TOKYO -- U.S. and Japanese defense experts expressed optimism at a forum Sunday that bilateral collaboration in advanced military technology will progress amid a security environment marked by the North Korean nuclear threat.
The private sector is the main driver behind development of weapons technology, and Japan is a key partner, Frank Kendall, the U.S. undersecretary of defense in the Obama administration, said at the Mount Fuji Dialogue in Tokyo. The gathering unites influential government officials and businesspeople from the U.S. and Japan.
Hideaki Watanabe, the former chief of Japan's Acquisition, Technology and Logistics Agency, expanded on that view, saying "Japan possesses superior materials research." The agency is part of the Defense Ministry.
"By coalescing with the U.S., we will be able to produce groundbreaking hardware," Watanabe added.
William Schneider, who chaired the Defense Science Board at the U.S. Department of Defense, touched on the potential for artificial intelligence to advance military technology. Deep learning is granting military leaders new insights, he remarked.
Japan in particular boasts advanced research capabilities in quantum computing, which can contribute to encryption technology, Arthur Herman, senior research fellow at America's Hudson Institute, pointed out.

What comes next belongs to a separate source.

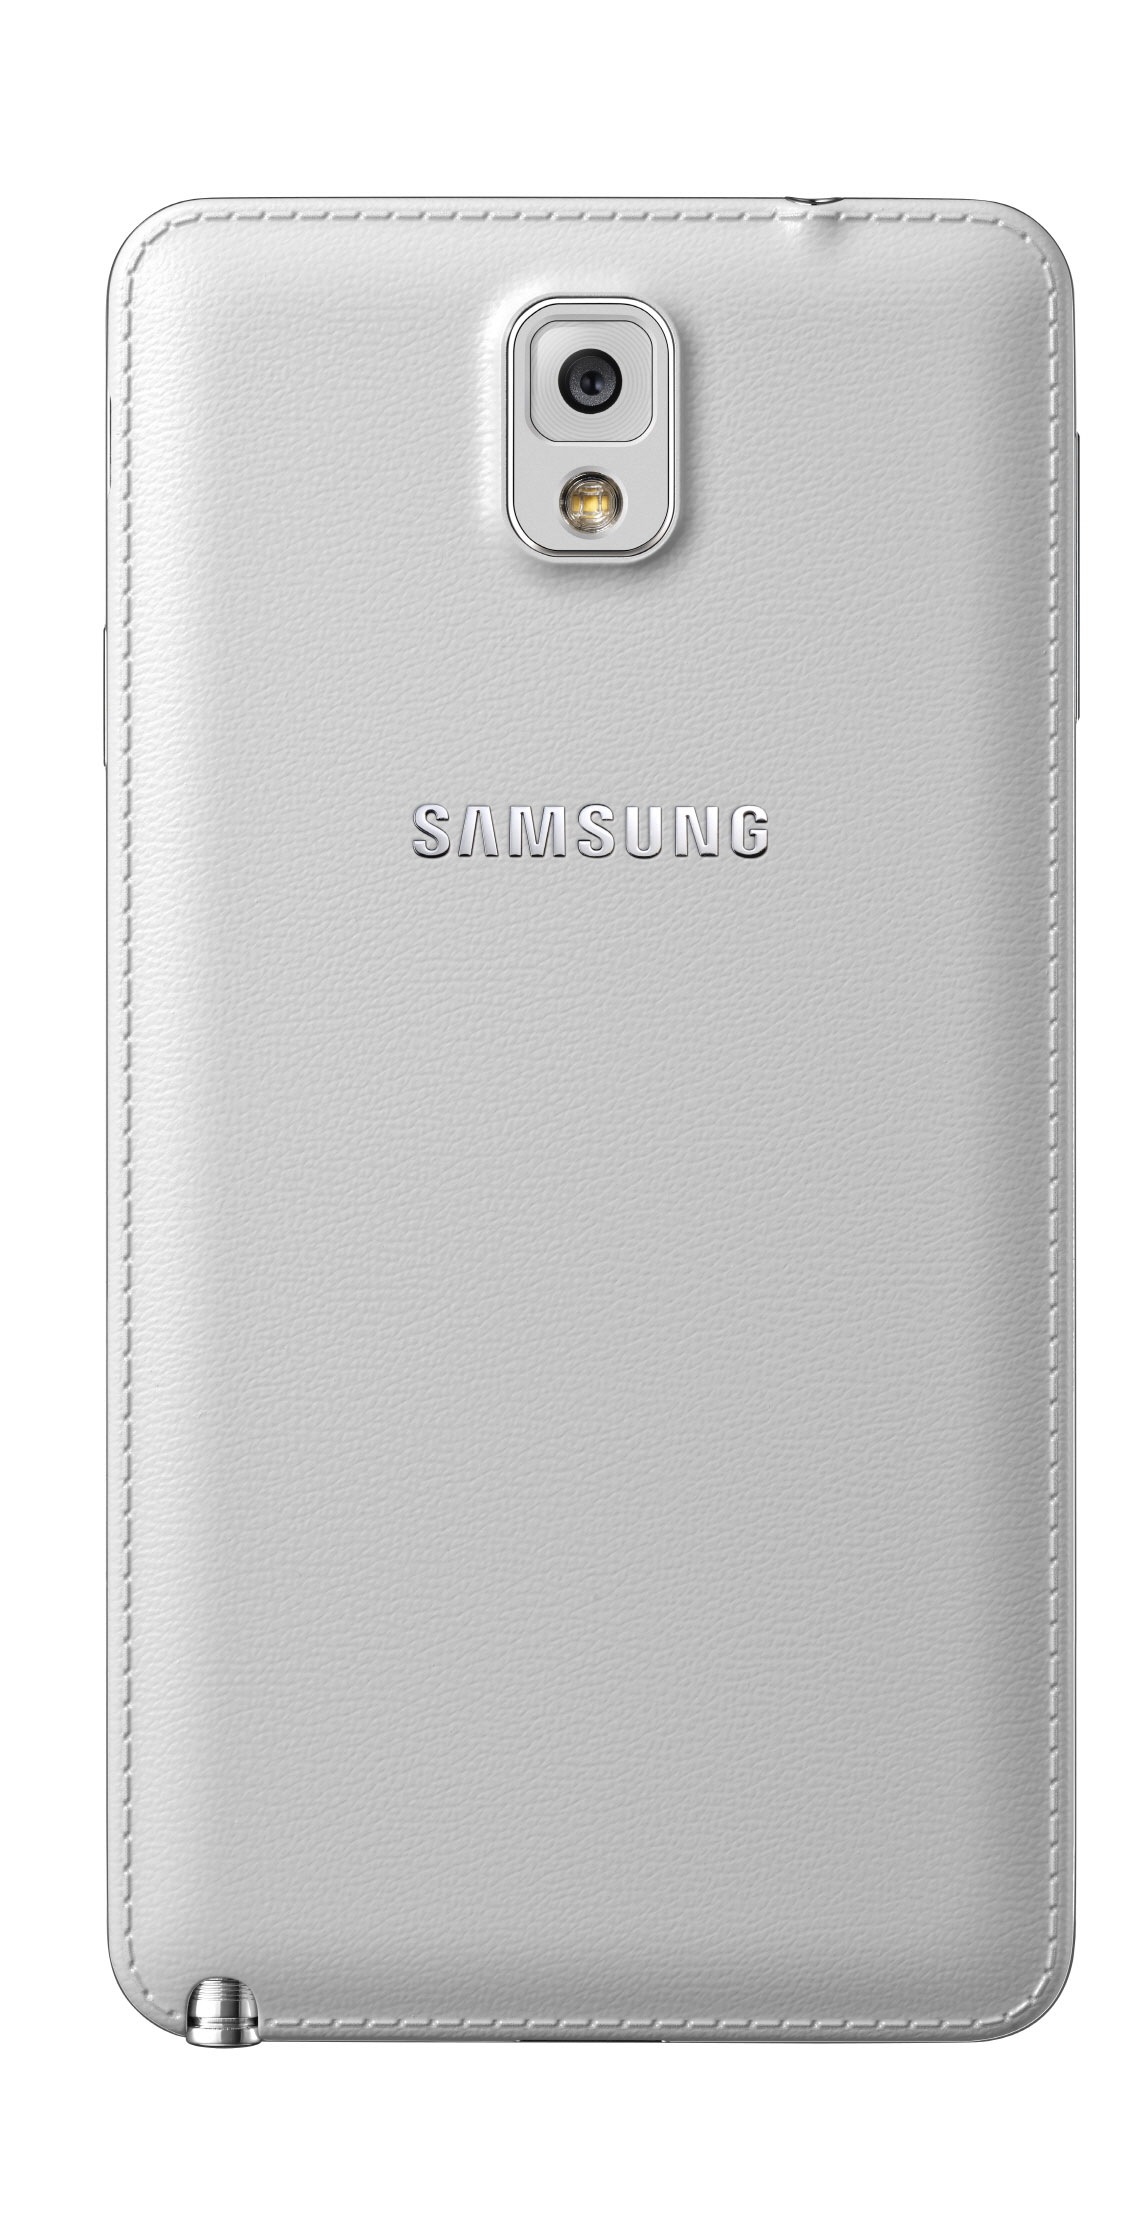 Galaxy-Note-3_3

Masanori Nishi, Japan's former administrative vice minister of defense, said it is crucial for Tokyo to efficiently maintain its defense capabilities, noting how both the U.S. and Japan are struggling to balance national budgets.

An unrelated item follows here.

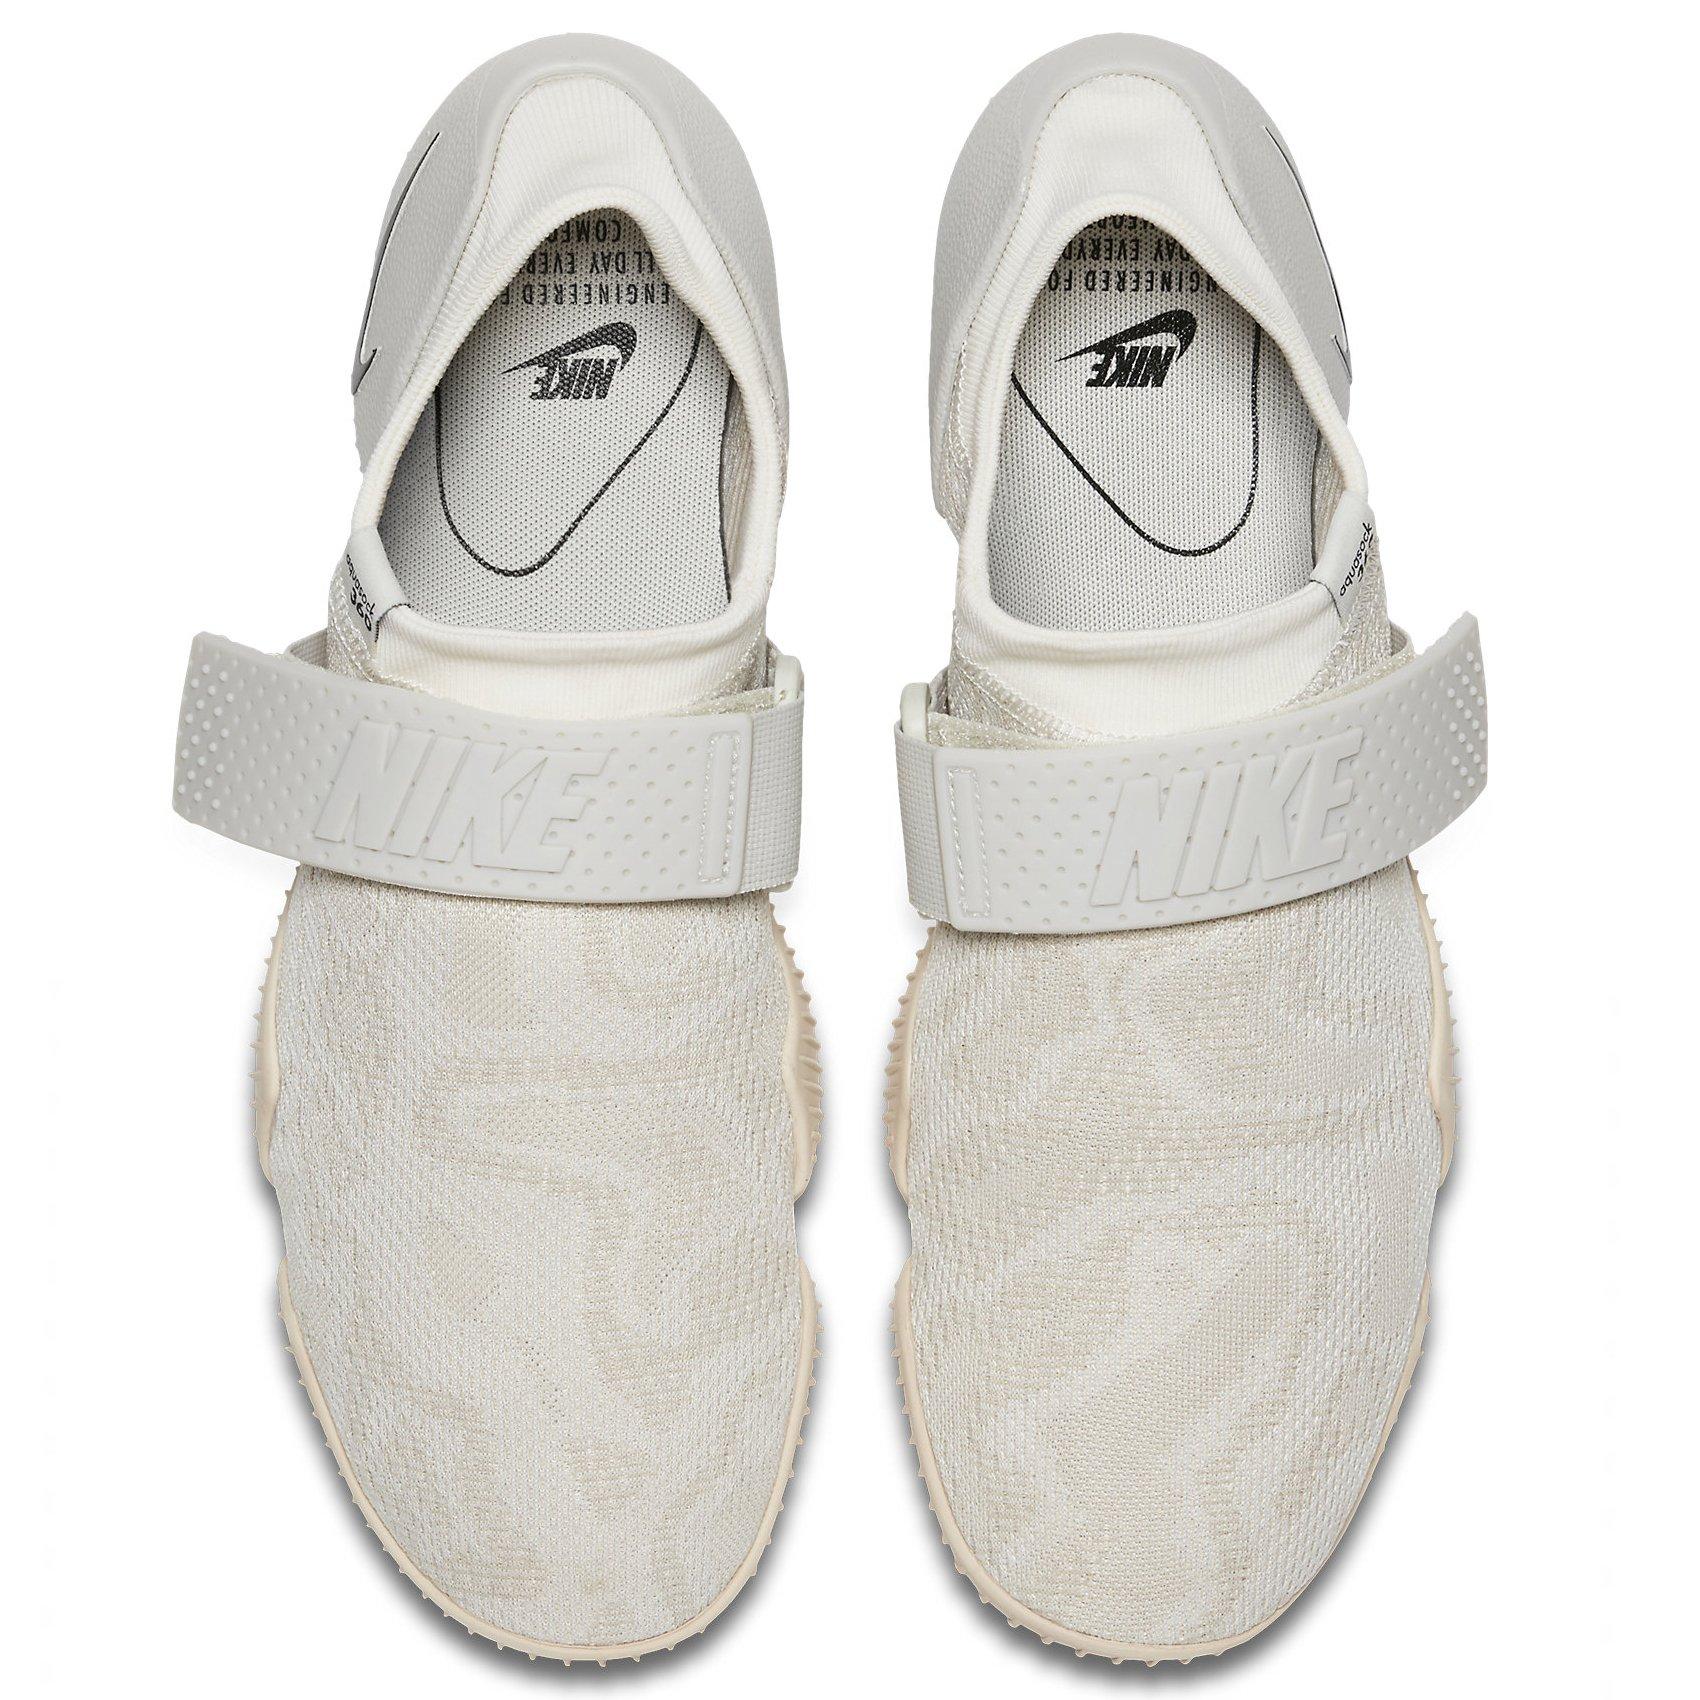 NIKE Aqua Sock 360 QS 902782 100 Oatmeal/Light Bone/Sail/Black Men's Water Shoes (8) by NIKE (Image #3)

China's rising military might also came up, with Kendall contrasting China's deep capacity to produce hardware with the former Soviet Union's deficient manufacturing technology.
"Members of [Japan's] Self-Defense Forces have been assuming more responsibilities amid recent activities by China and North Korea," said Nishi.
The two-day Mount Fuji Dialogue, which wrapped up Sunday, is sponsored by the Japan Center for Economic Research and the Japan Institute of International Affairs.